19/05/2013
"El Pais", un journal de référence?
"El Pais", le journal espagnol de référence ?
Le quotidien espagnol "El Pais", si furieusement antichaviste, est devenu depuis longtemps un journal de révérence devant les marchés ; les "libéraux", l'Europe du "parné" ("fric" en argot espagnol), la concurrence, le libre-échange... Proche historiquement du PSOE, si proche qu'il en épouse les aigreurs d'estomac contre "les populistes", "les dictateurs" à la Chavez, à la Evo Morales", mais accorde des circonstances atténuantes aux "autorités" du Honduras, de Colombie, du Paraguay...
Entré en Bourse et "contrôlé" à 70% par des fonds d'investissements anglo-saxons (Liberty Acquisition Holding) , donc "libre", sans fil à la patte, "El Pais" avait, en novembre 2012, opéré une purge de 129 emplois, au grand dam de l'ensemble du personnel.

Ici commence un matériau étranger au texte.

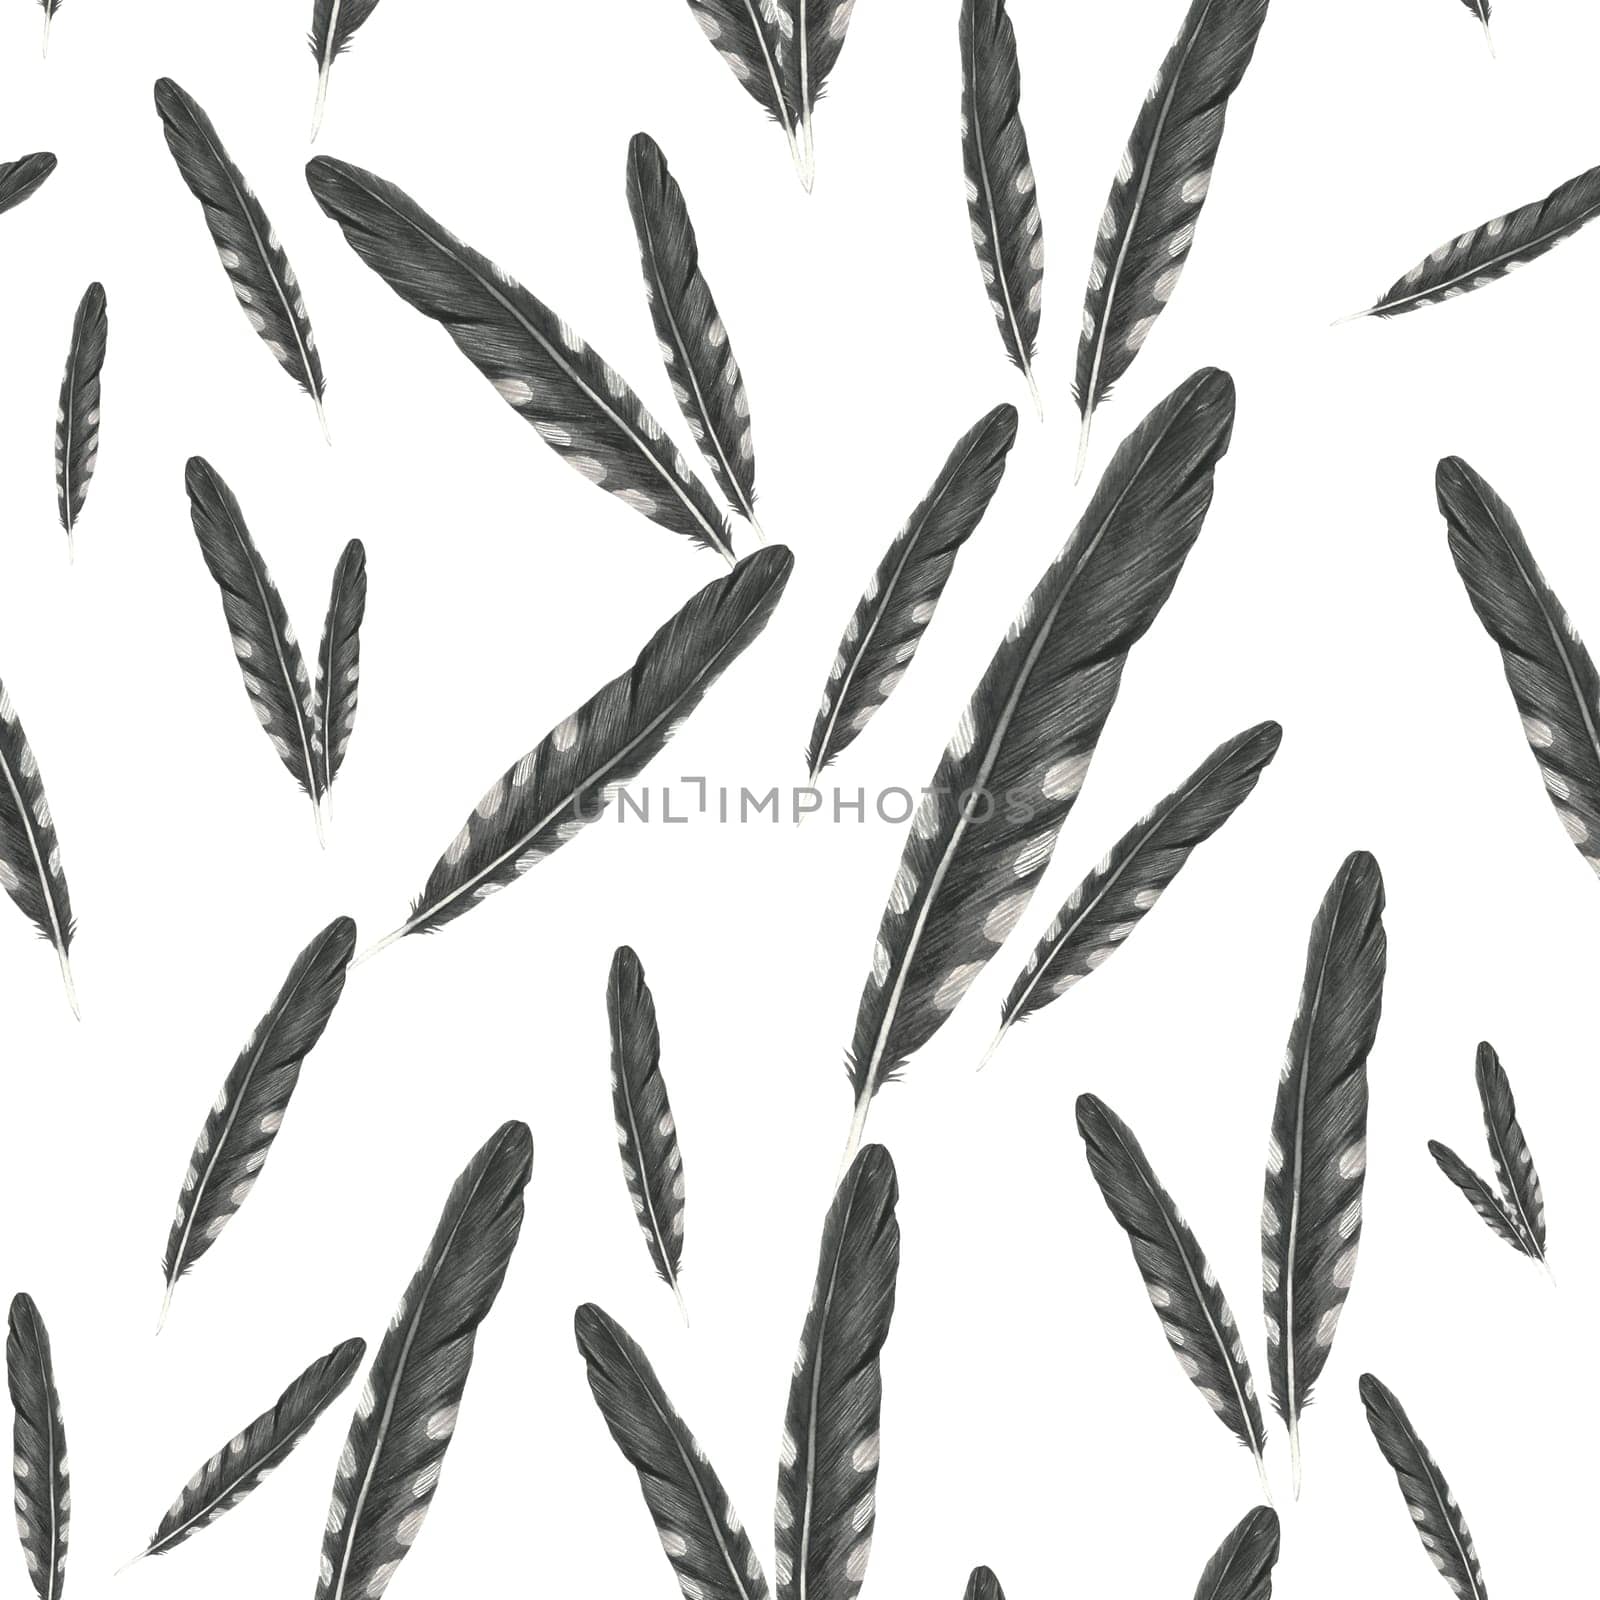 Seamless pattern watercolor illustration of cuckoo feathers, isolated on a white background hand drawn by OlSi

La "normalisation" continue.
"El Pais" tolérait depuis trente ans en son sein une "rebelle"... mais surdouée: la chroniqueuse de la rubrique "Opinion" Maruja Torres, journaliste et romancière, prix Nadal et Planeta de littérature. Rien que çà...Elle vient d'être poussée vers la sortie.
Madame n'a pas l'échine souple et s'est positionnée à plusieurs reprises contre "les dérives" du journal et de ses "propriétaires", la famille socialiste Cebrian. Juan Luis Cebrian est le tout puissant "conseiller délégué" du quotidien fleuron de la multinationale "socialiste" "Prisa" (également actionnaire du Monde), celle là-même qui possédait en Bolivie des radios, des journaux "libres" (La Razon, El Nuevo diario, Extra), qui monopolisait à La Paz et au Venezuela (par le biais de ses éditions "Santillana") le marché des manuels scolaires, etc., etc., et qui fut expropriée par les tyranneaux Hugo et Evo . (que l'on se rassure: "Prisa" possède encore plusieurs médias dans d'autres pays du continent).
"El Pais" vola au secours des intérêts de classe de son groupe éditorial "Prisa" et défendit (et défend toujours) "la liberté du marché", donc: de la presse... Nous savons depuis longtemps que le pouvoir économique contrôle le pouvoir médiatique, et le feuilleton "El Pais" conforte cette désormais lapalissade. Au nom de la liberté de la presse, qui s'arrête là où commence celle des multinationales, les "nouveaux et anciens chiens de garde" bétonnent en réalité la liberté d'entreprise, même si le prix à payer est celui du démantèlement progressif d'un journal de référence, né de l'antifranquisme et de la "transition".
La "croisade idéologique" pro-système de grands médias, devenus ici et là des armes de déstabilisation politique, se retourne au final contre eux. En août 2009, "El Pais" partit en guerre contre une prétendue "loi bâillon" des médias au Venezuela. Il s'agissait d'un bobard, d'un mensonge, comme la supposée photo de "Chavez" en soins intensifs, publiée à la une du quotidien (un "scoop" sordide dont il était fier), le 24 janvier 2013. "Le secret de la maladie de Chavez" était un faux, du bidouillage. Où sont passées l'éthique, la déontologie, les bases du métier? La haine de classe et la marchandisation de l'info conduisent au pire...
Maruja Torres avait affirmé à plusieurs reprises que la vocation d'un journal "n'était pas d'enrichir quelques-uns" ni de se transformer en "petite sardine " de Wall Street. Vilain petit canard!
Dans sa dernière chronique elle s'attaquait aux "dirigeants des grandes entreprises et des grandes banques qui blindent leurs salaires et leurs retraites" et "au canaille qui, soutenu par ses pairs à la tête du capitalisme cannibale, a perdu tout scrupule". Bien vu ! Mais c'était trop.
Dans l'Espagne du PP-PSOE, saignée par "la troïka", une telle lucidité mérite autodafé.